(DATA SECTION begins)

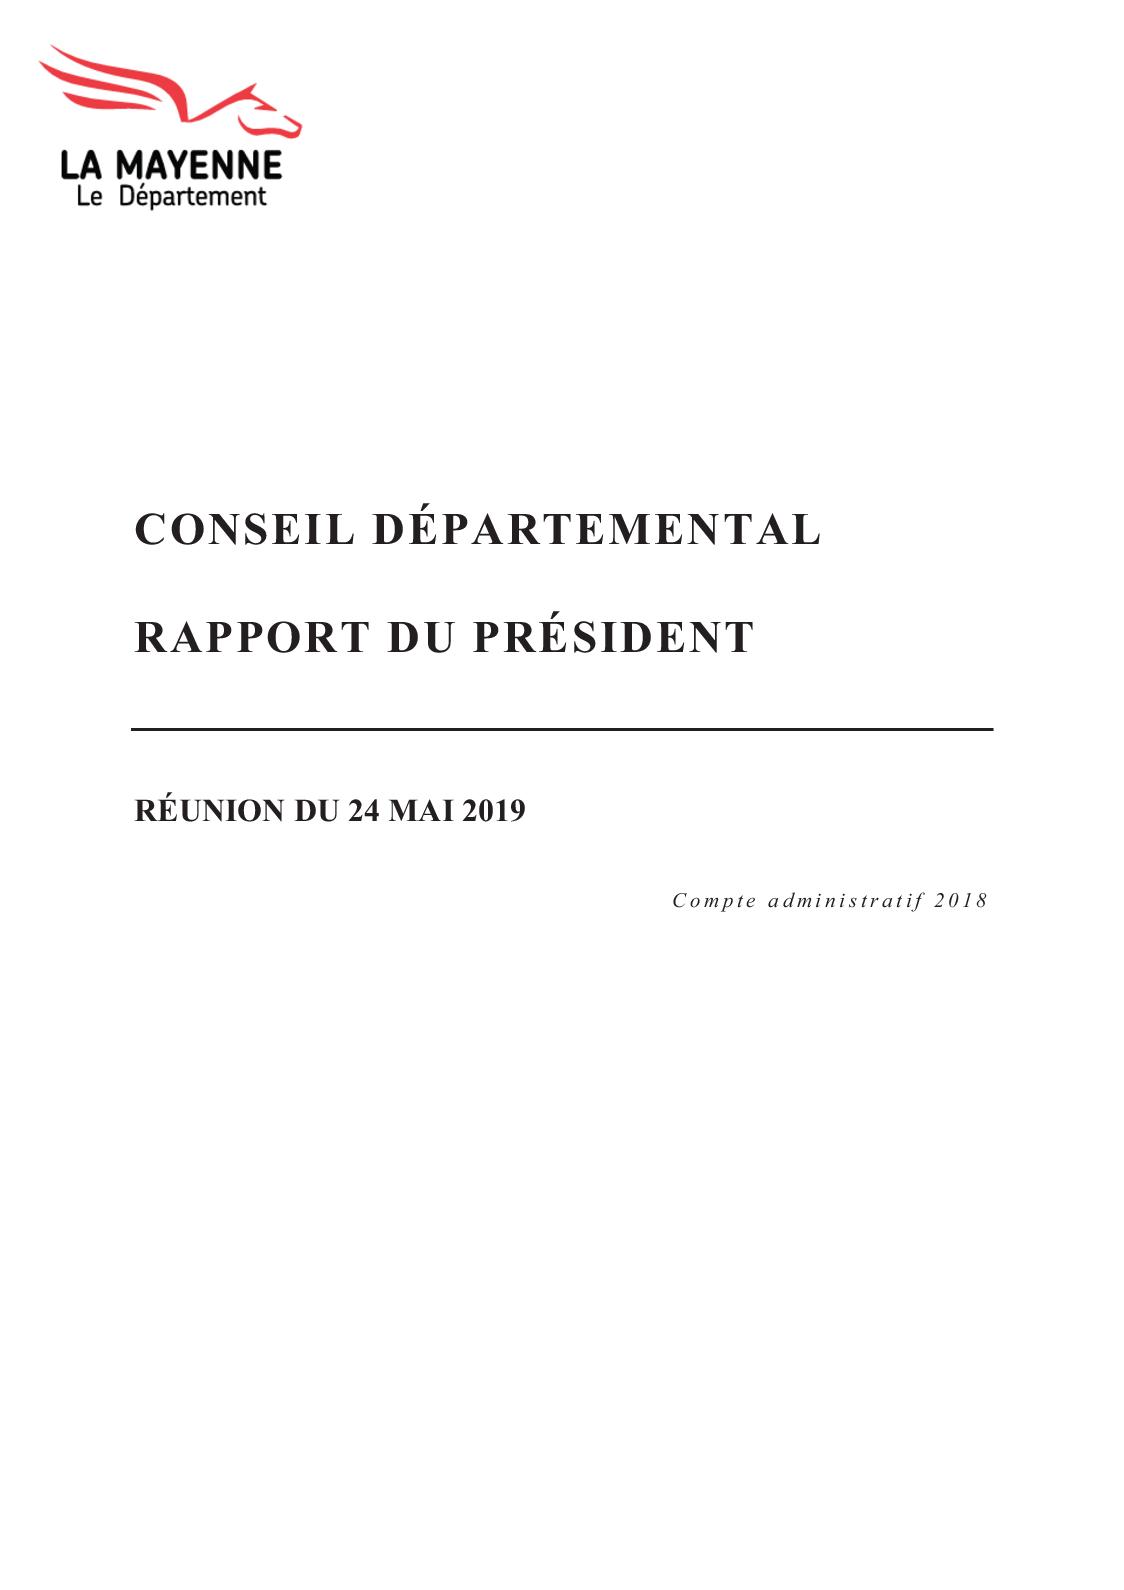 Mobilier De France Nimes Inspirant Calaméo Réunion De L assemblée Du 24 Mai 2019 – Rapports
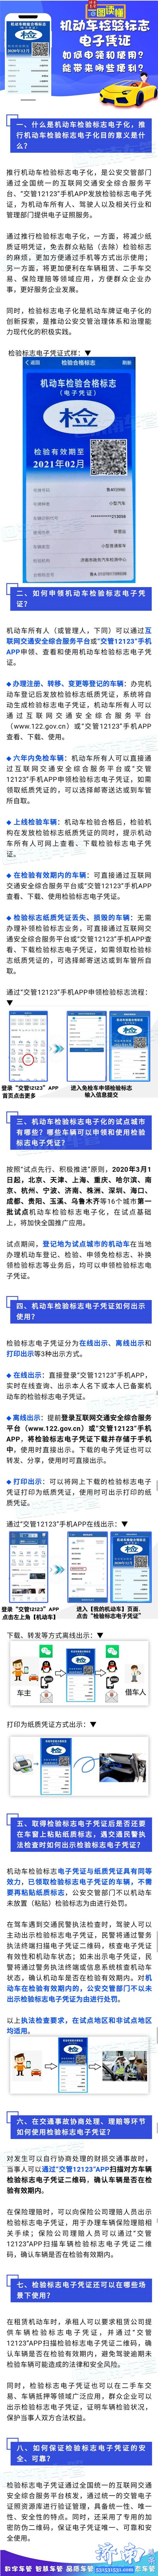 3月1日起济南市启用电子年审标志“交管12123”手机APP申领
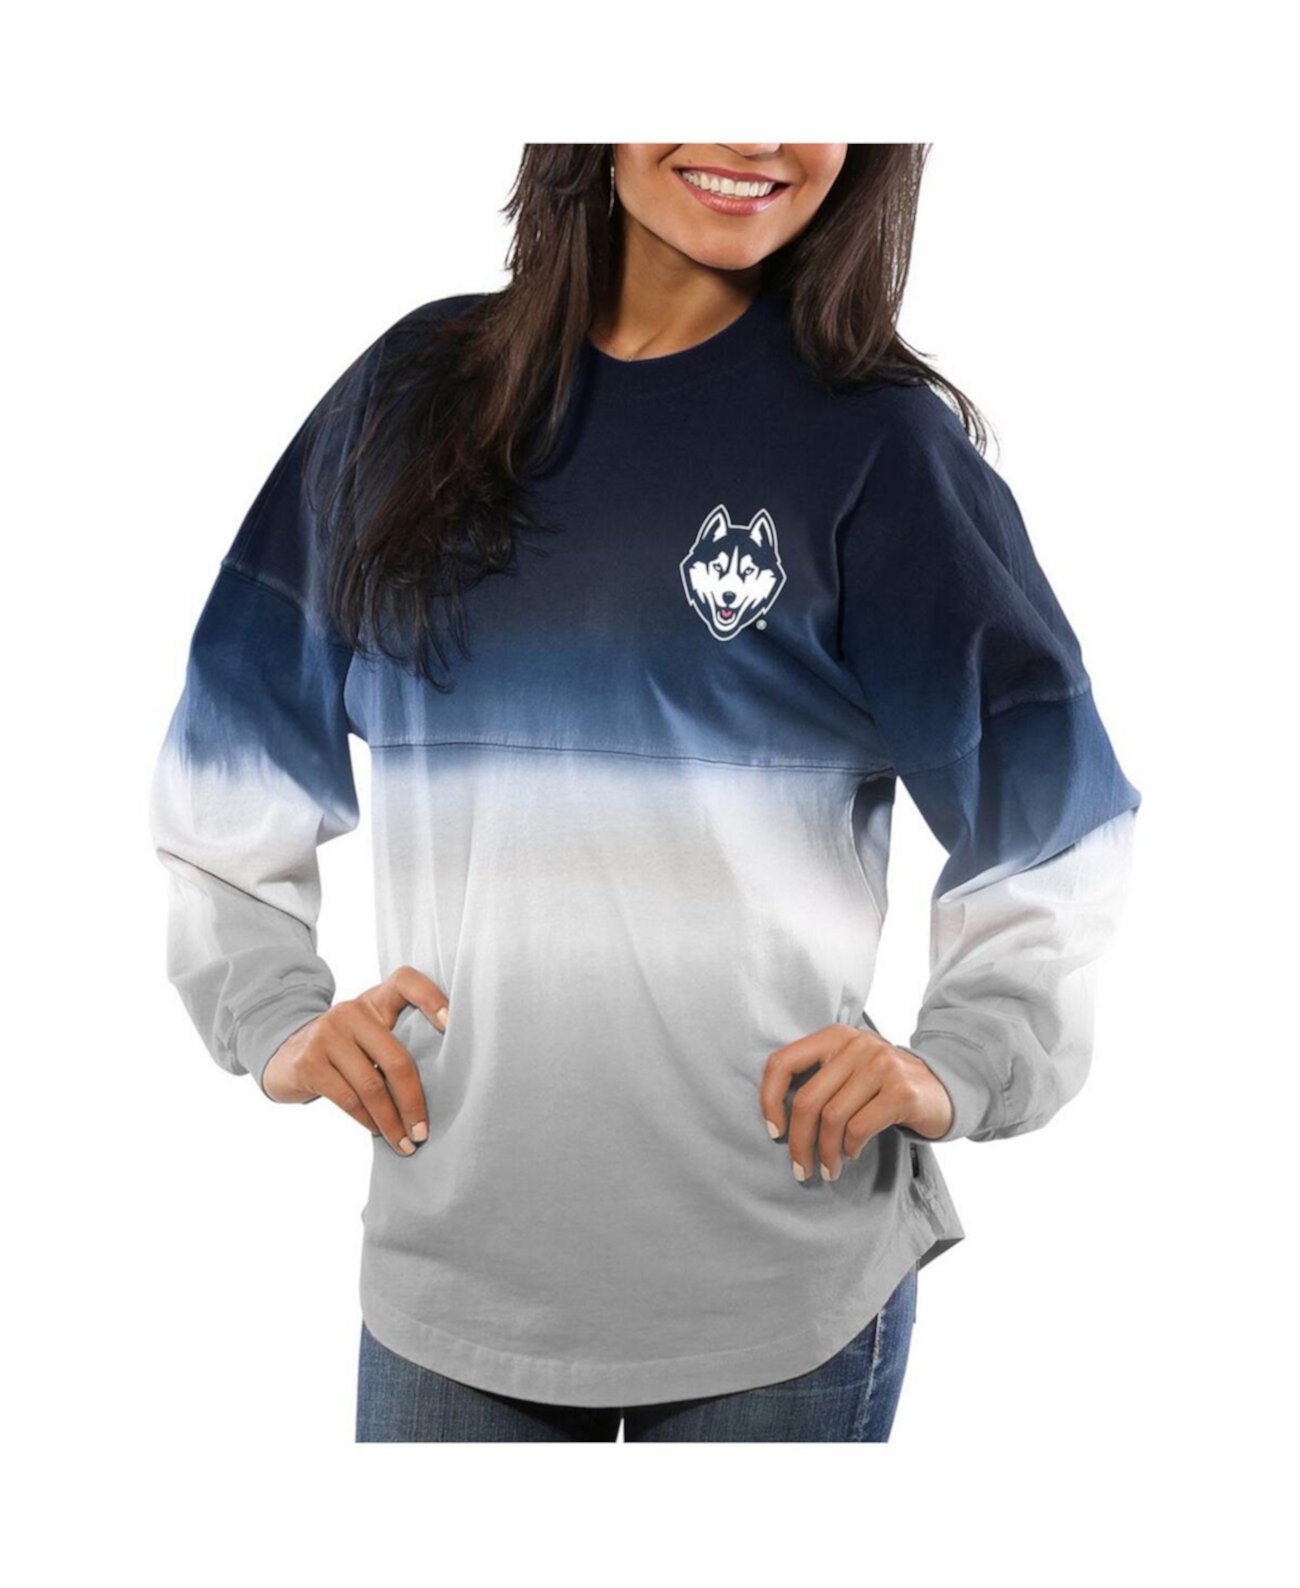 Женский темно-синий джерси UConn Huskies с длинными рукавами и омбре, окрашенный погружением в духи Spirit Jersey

(DATA SECTION ends)

**ACTION ITEM**
Each line of the data above needs to be retyped as it is, without any picture.

**REPLY TO THE TASK**
 Mobilier De France Nimes Inspirant Calaméo Réunion De L assemblée Du 24 Mai 2019 – Rapports
 3月1日起济南市启用电子年审标志“交管12123”手机APP申领
 Женский темно-синий джерси UConn Huskies с длинными рукавами и омбре, окрашенный погружением в духи Spirit Jersey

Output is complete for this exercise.